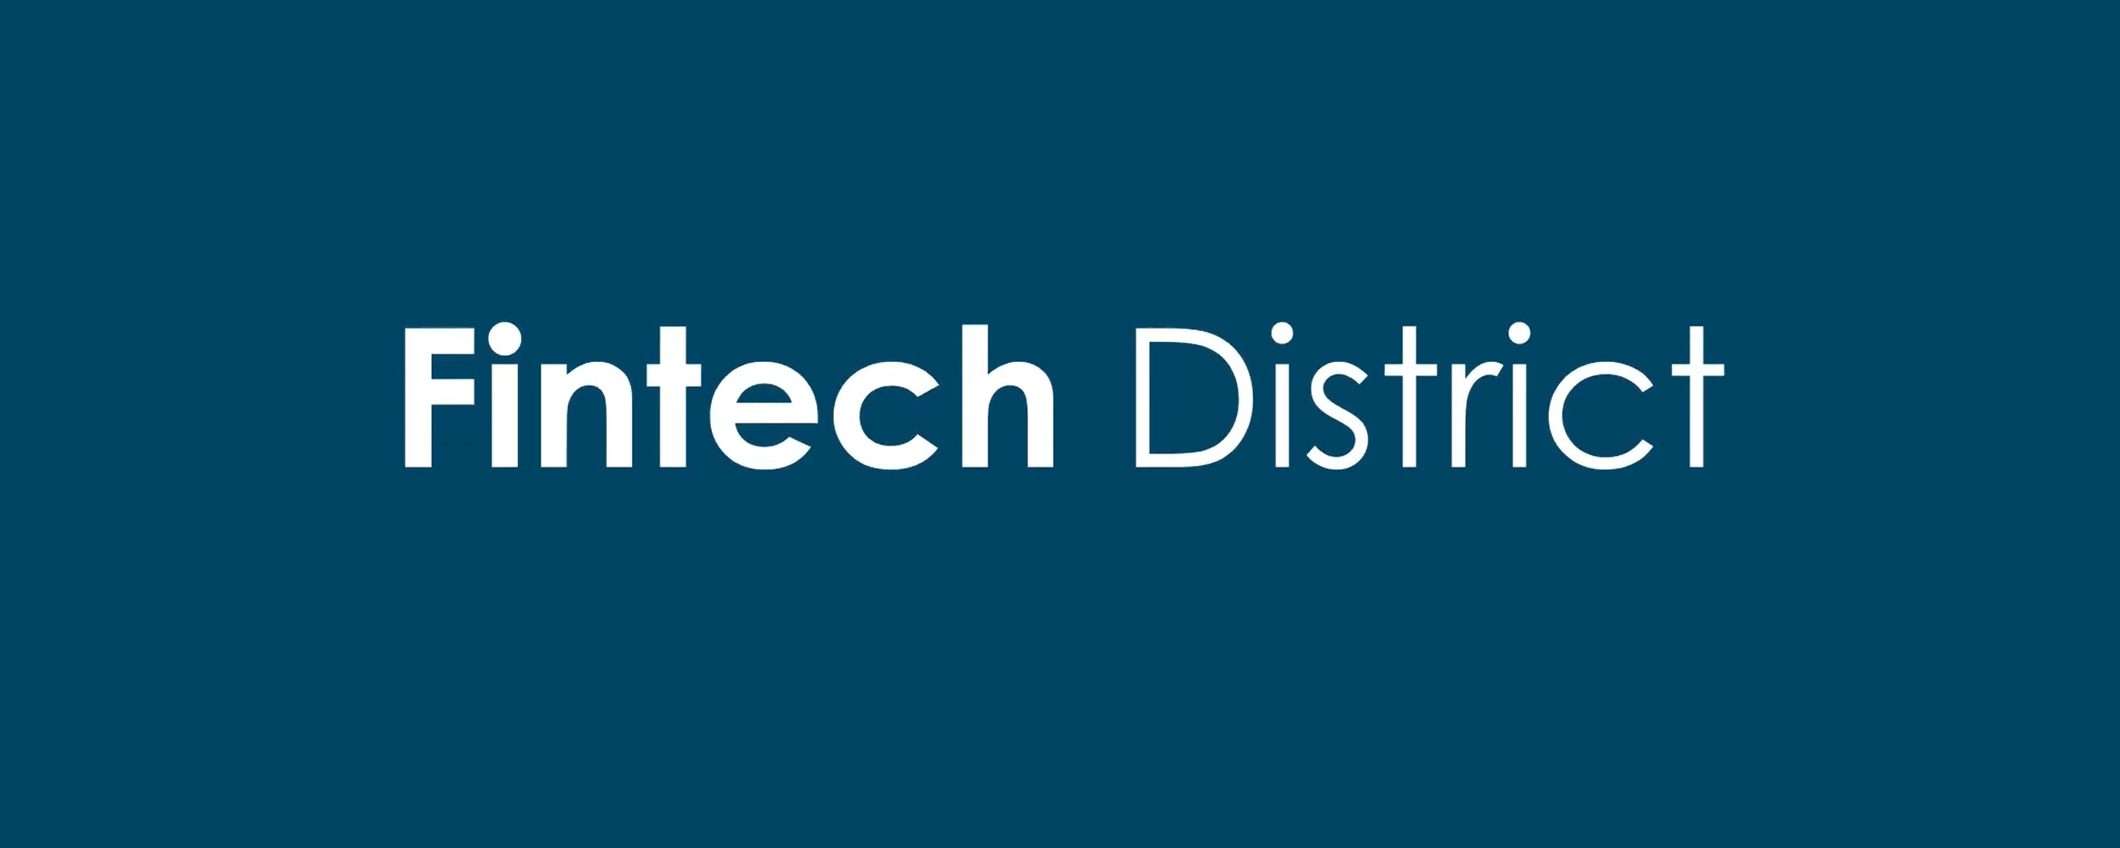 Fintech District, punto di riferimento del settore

- - -

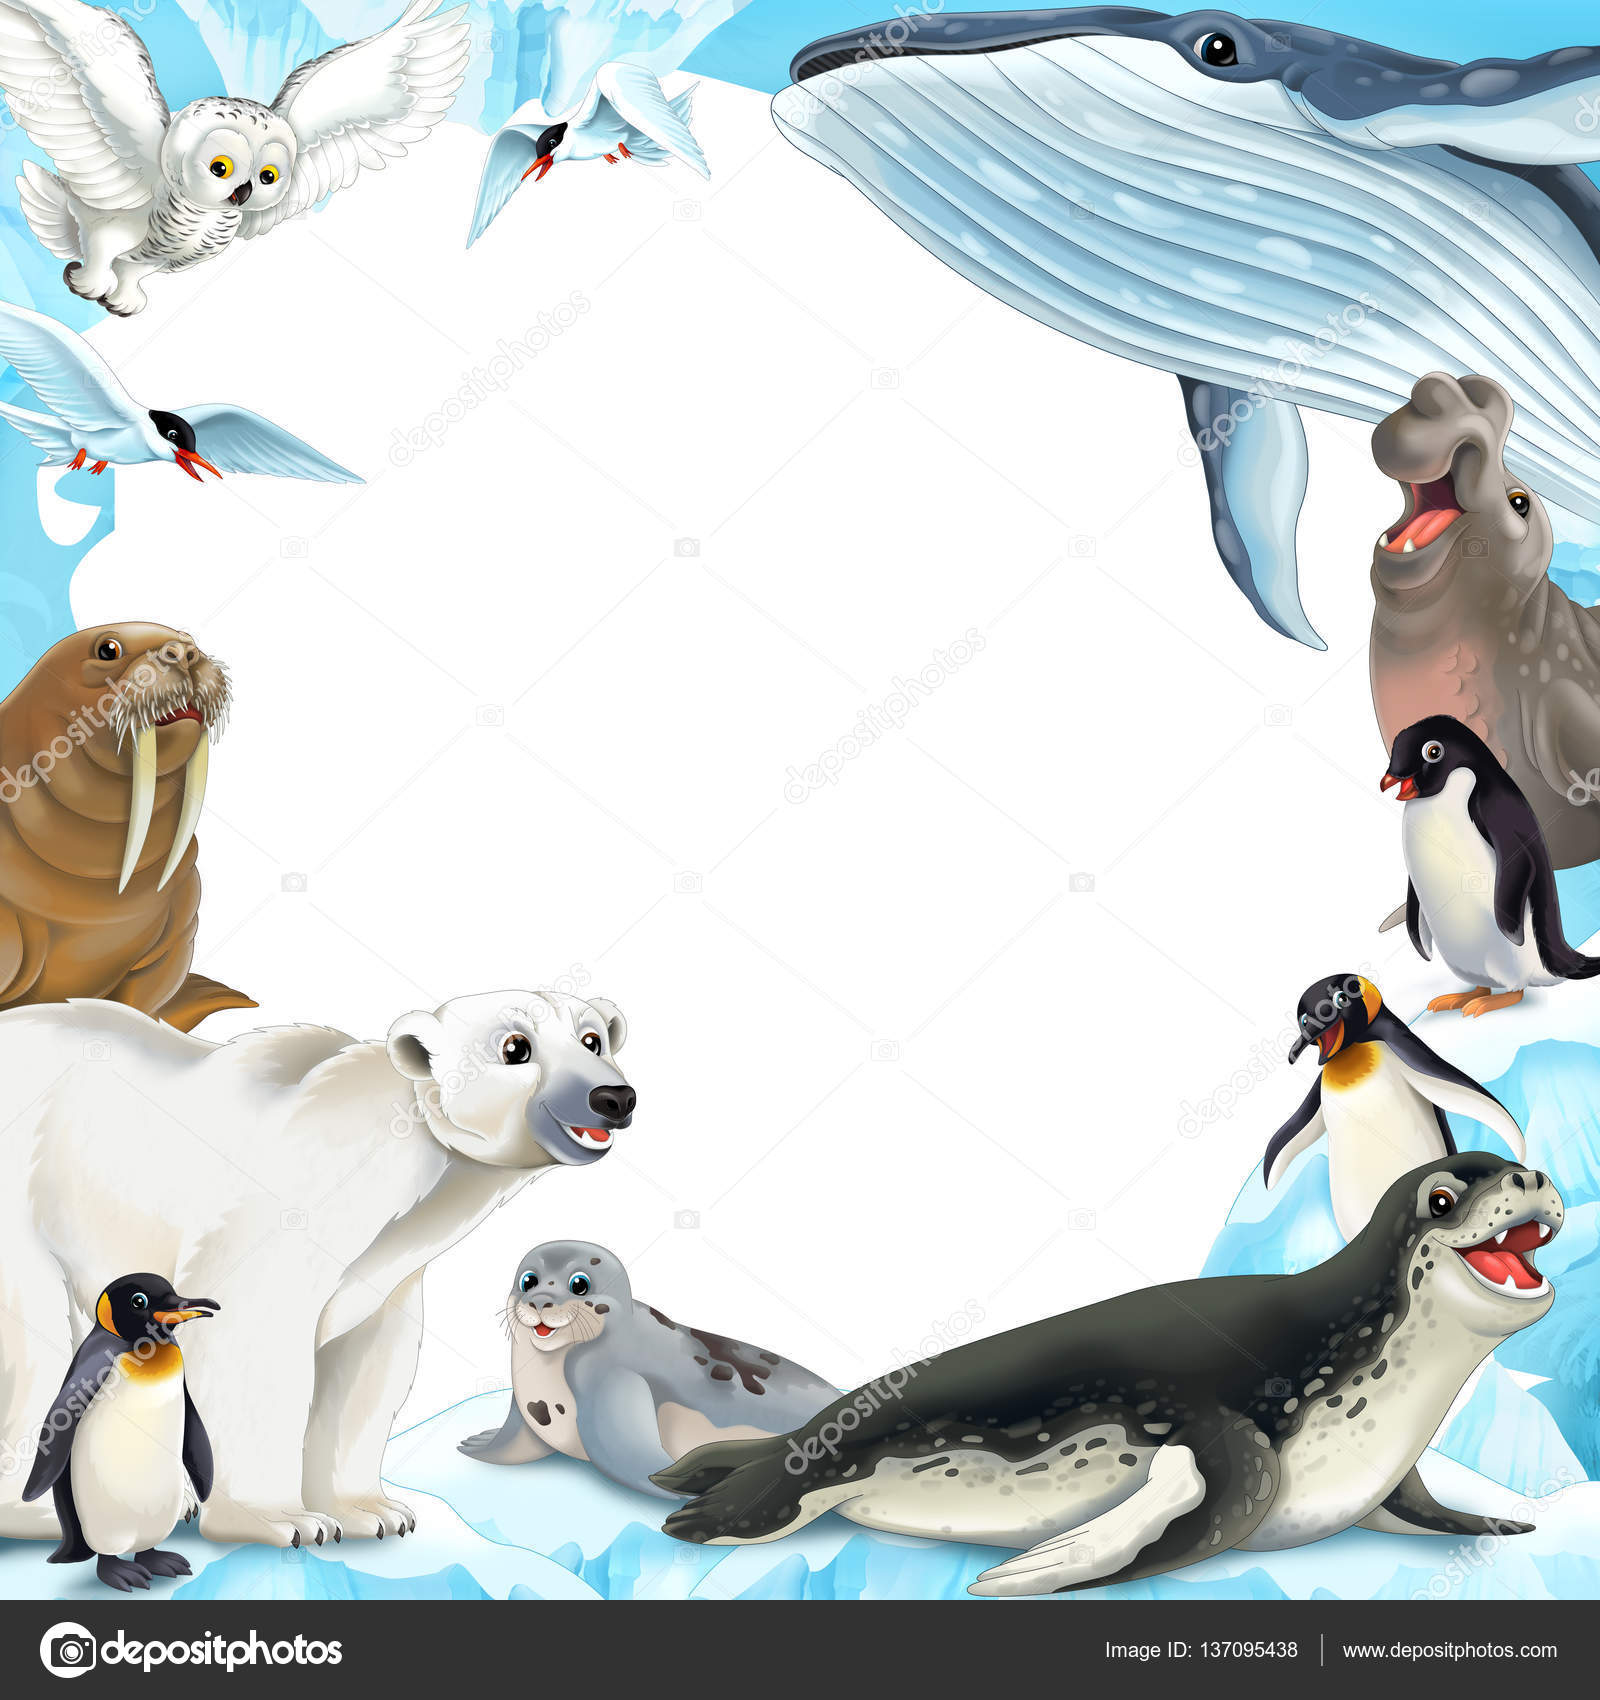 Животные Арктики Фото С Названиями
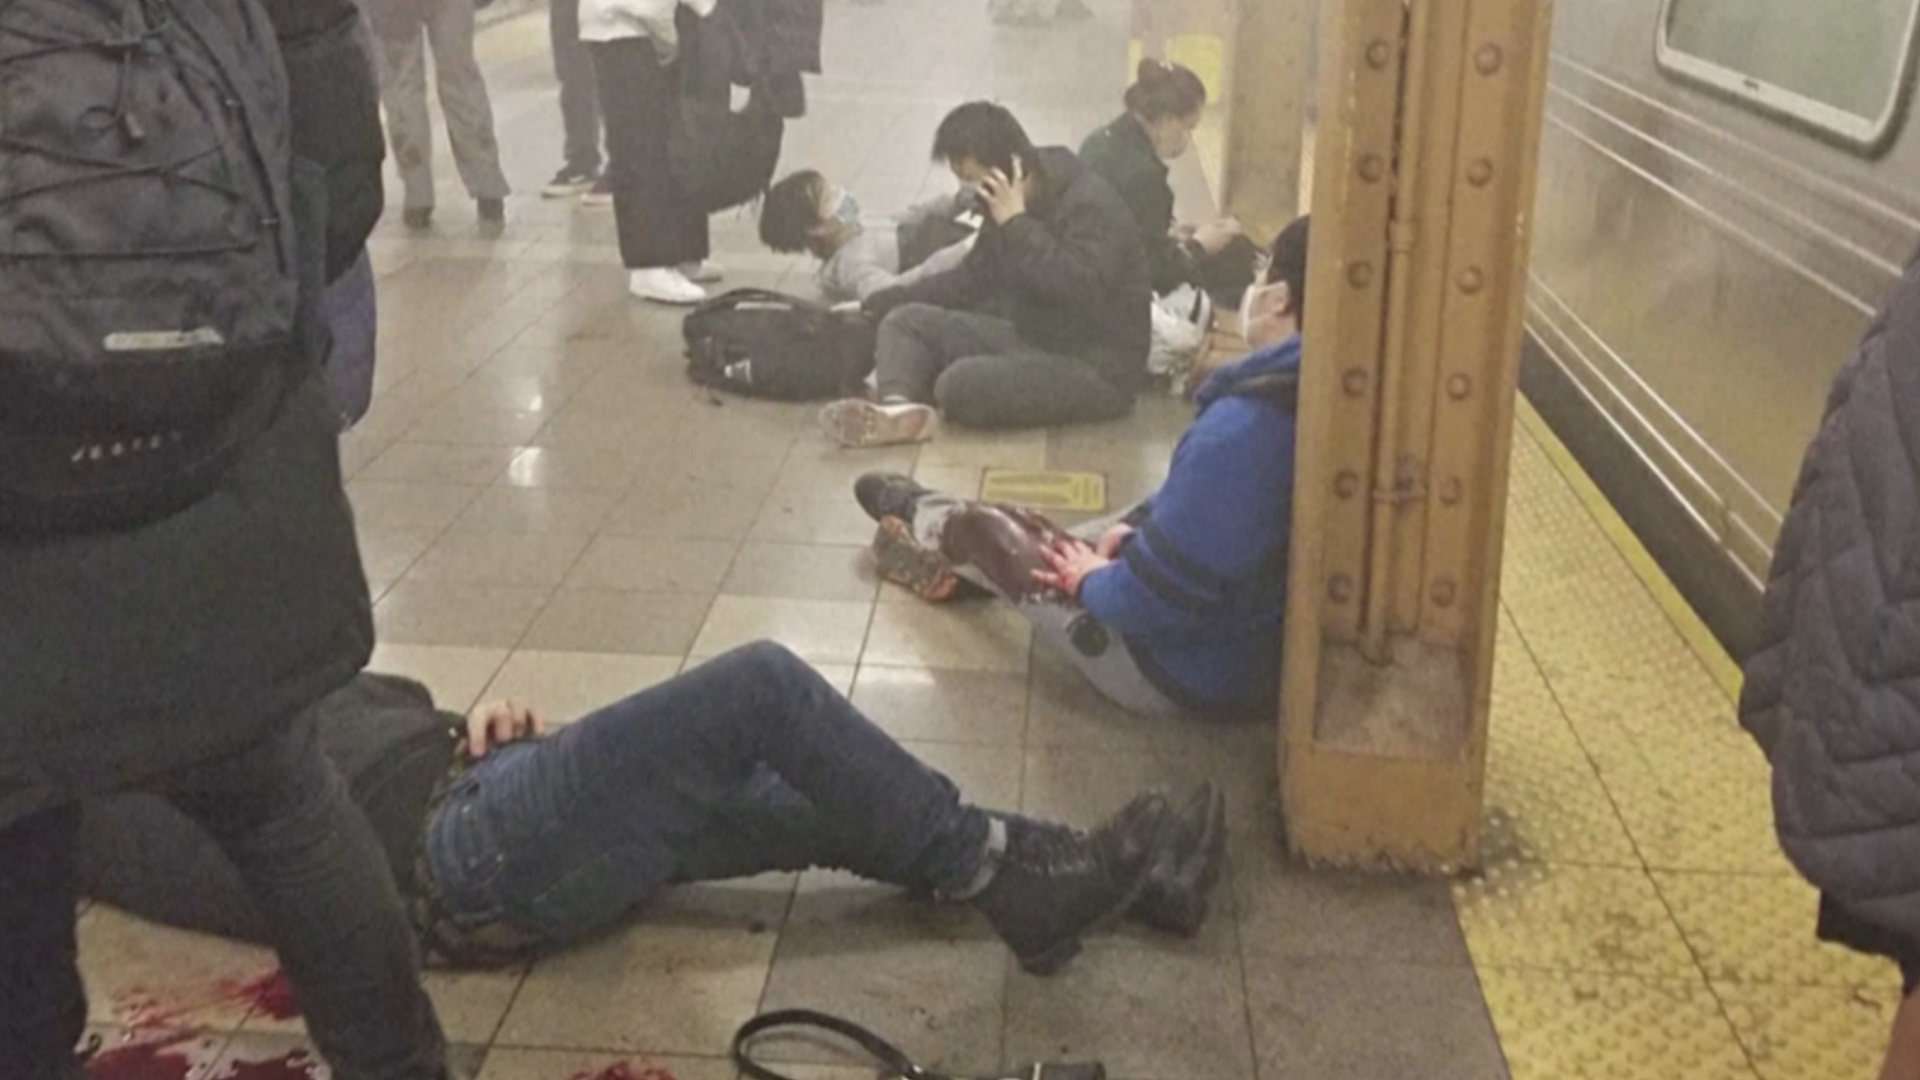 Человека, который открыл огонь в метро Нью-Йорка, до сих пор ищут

- - -

## Brief
For the material above, give again only the lines starting at the line that contains "Животные Арктики Фото С Названиями" and ending at the line that contains "Человека, который открыл". Pictures do not belong in the copy.

## Exercise solution
 Животные Арктики Фото С Названиями
 Человека, который открыл огонь в метро Нью-Йорка, до сих пор ищут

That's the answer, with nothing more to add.